§ **DATA EXTRACT**:
------
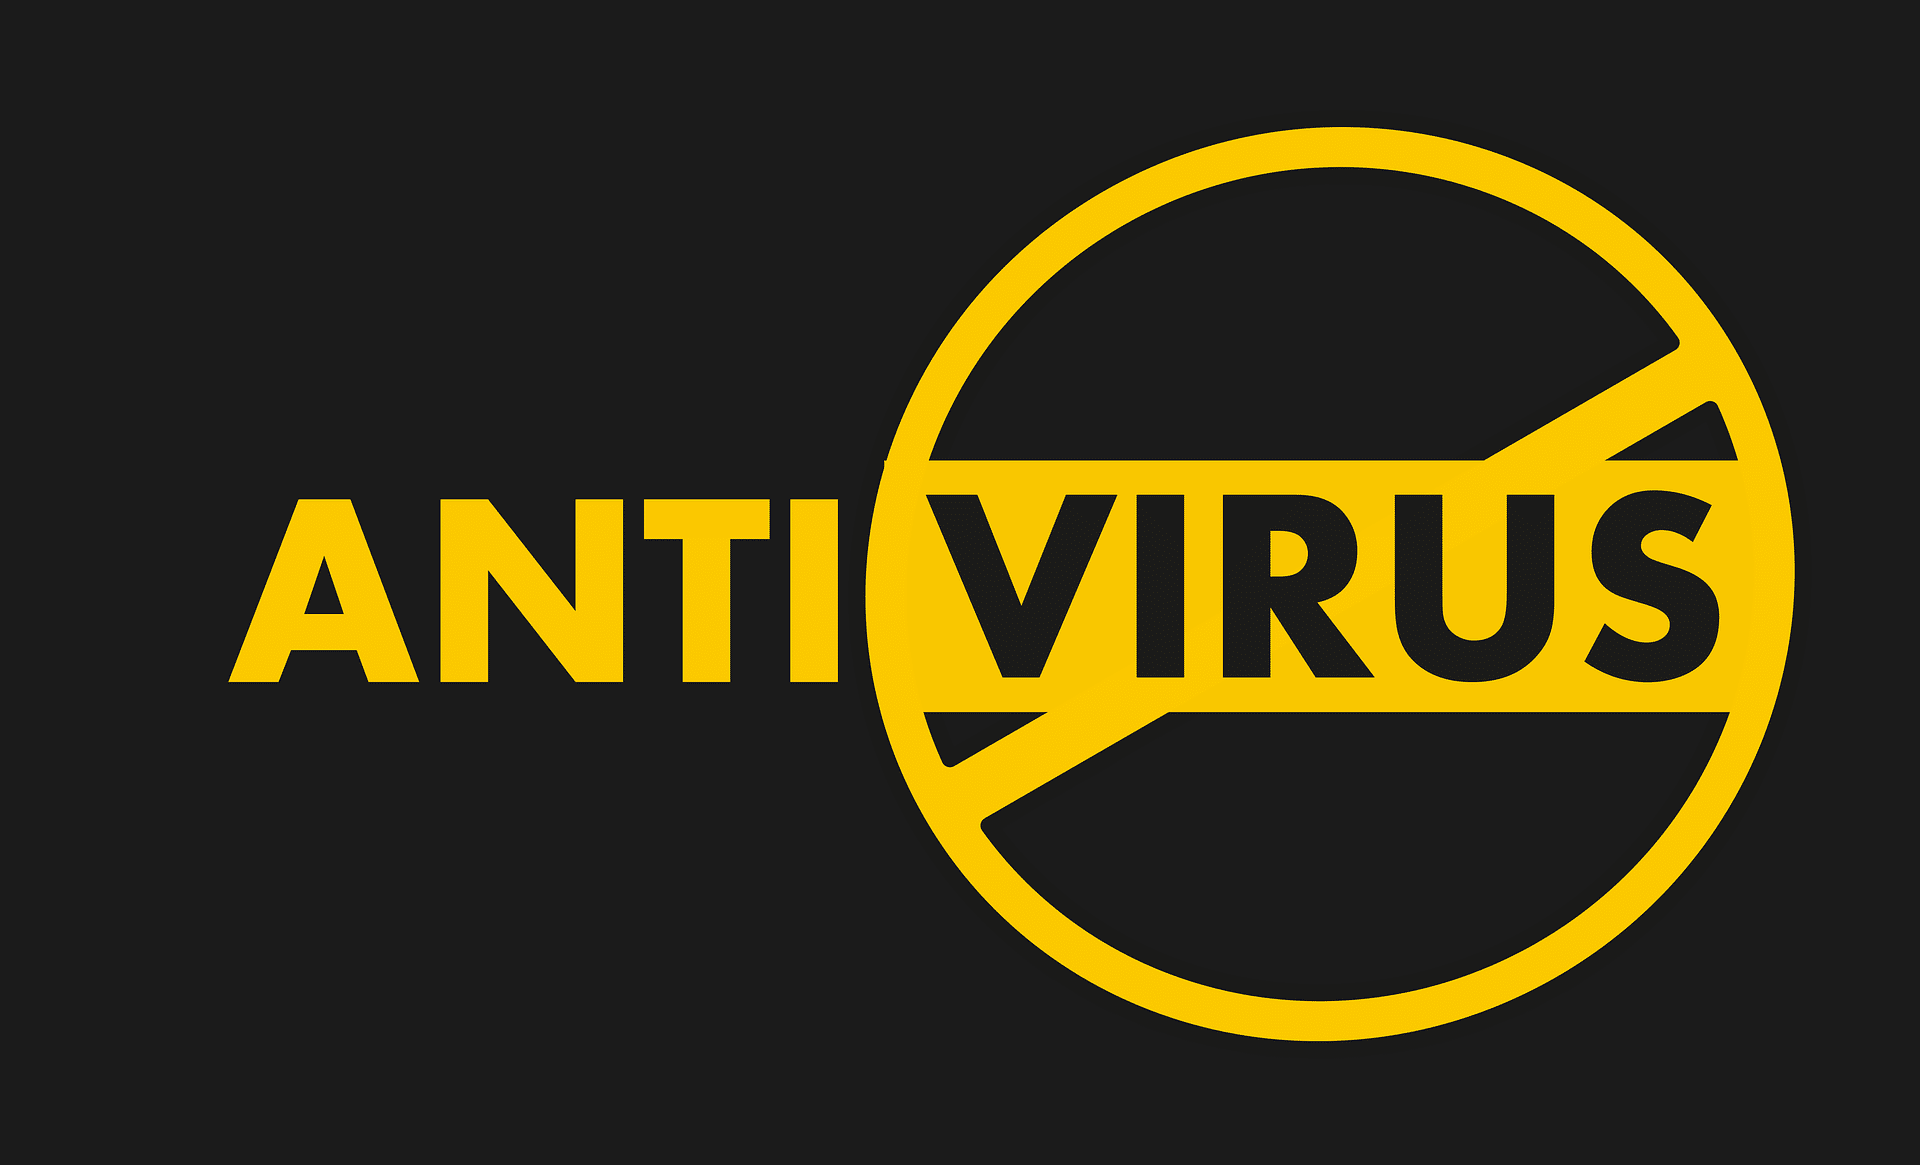 avg antivirus vs avast
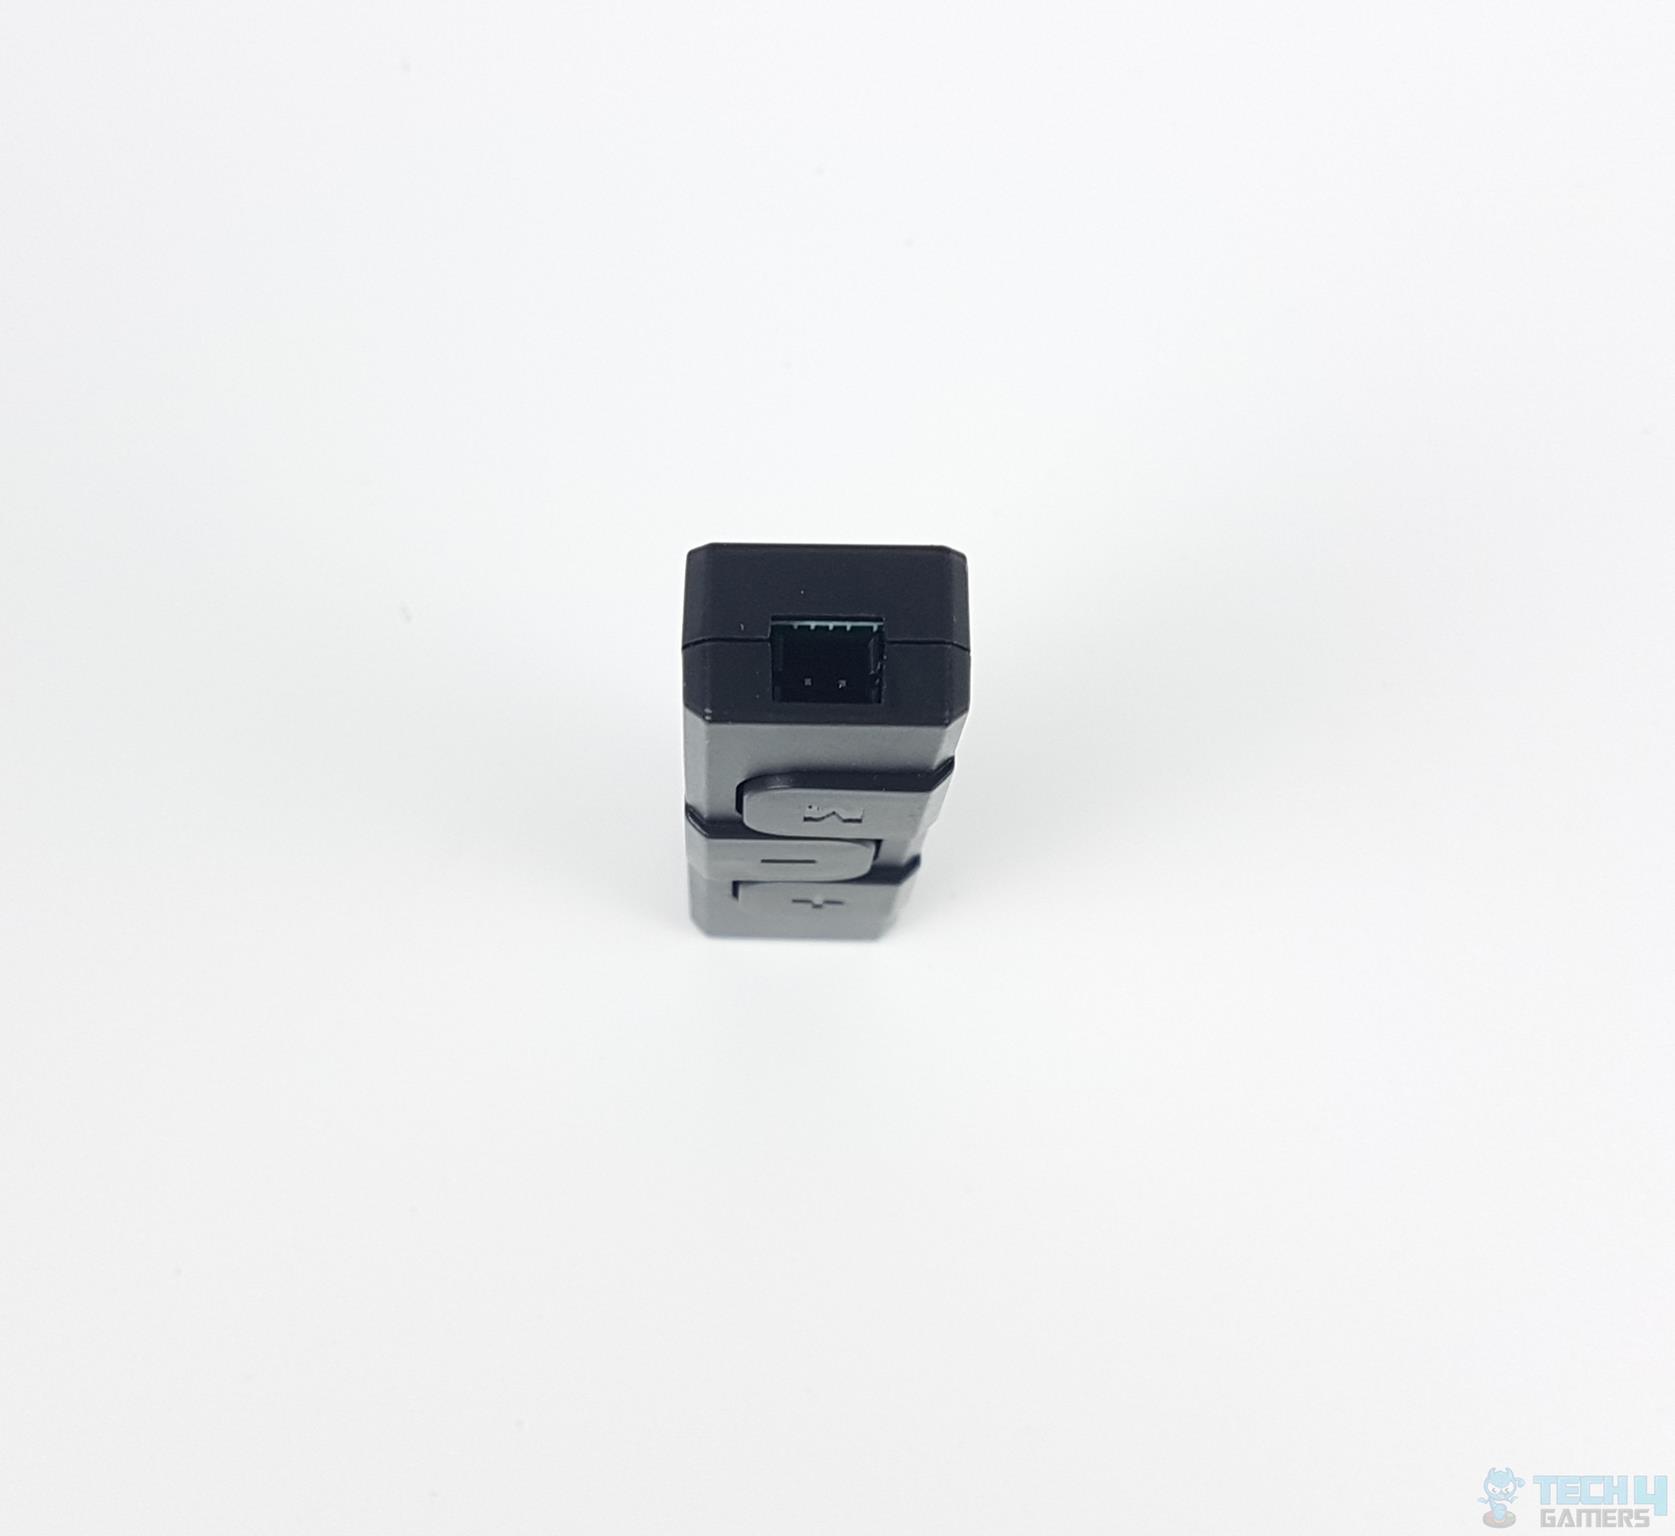 SilverStone iCEGEM 360 Liquid Cooler — 2-pin port on the controller
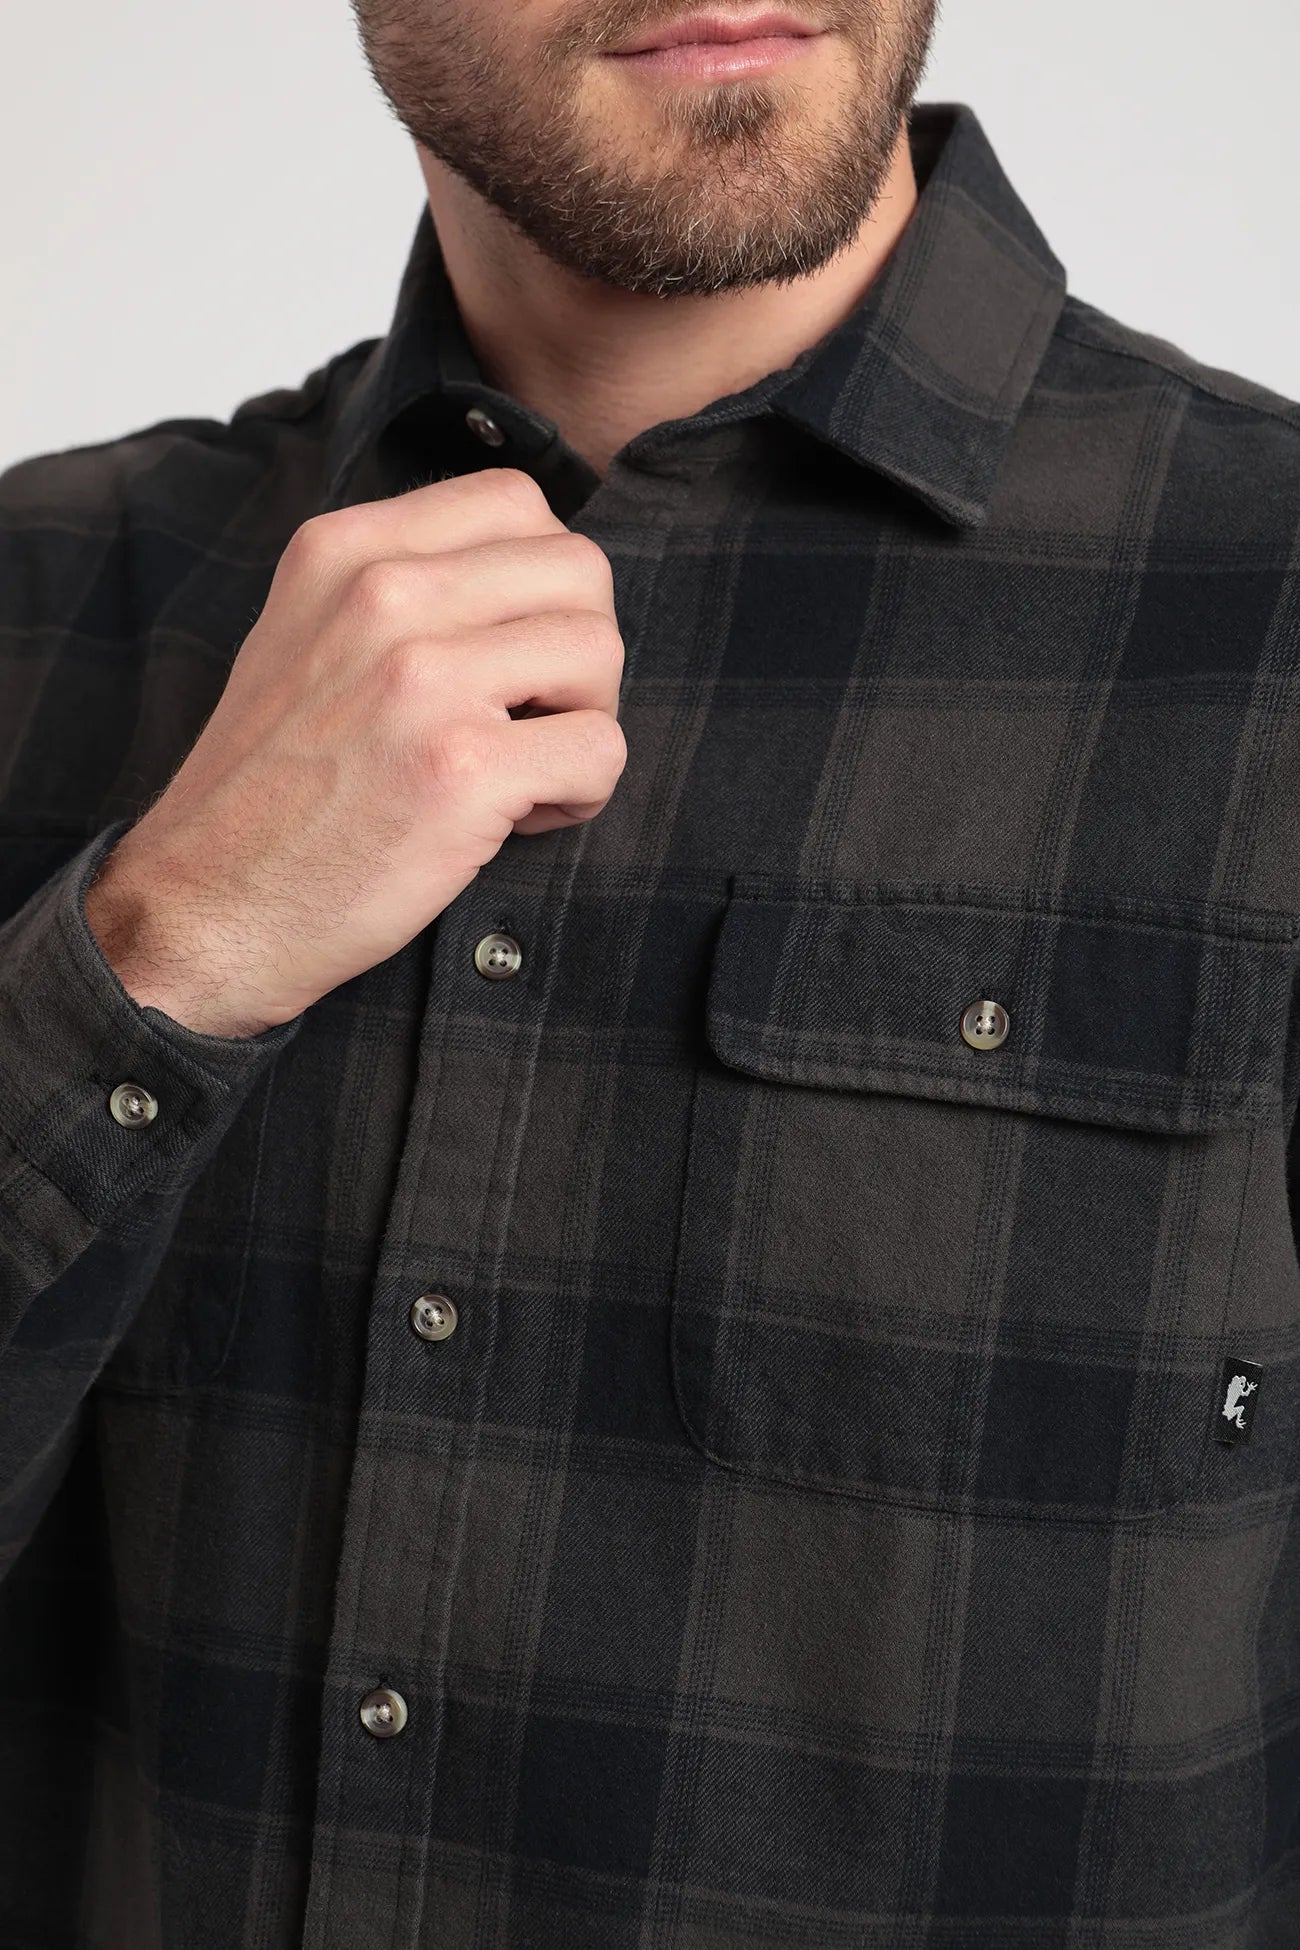 Camisa manga larga hombre Franela negro - Algodón orgánico flanel
------
Output the data above in full. Skip every picture.

 avg antivirus vs avast
 SilverStone iCEGEM 360 Liquid Cooler — 2-pin port on the controller
 Camisa manga larga hombre Franela negro - Algodón orgánico flanel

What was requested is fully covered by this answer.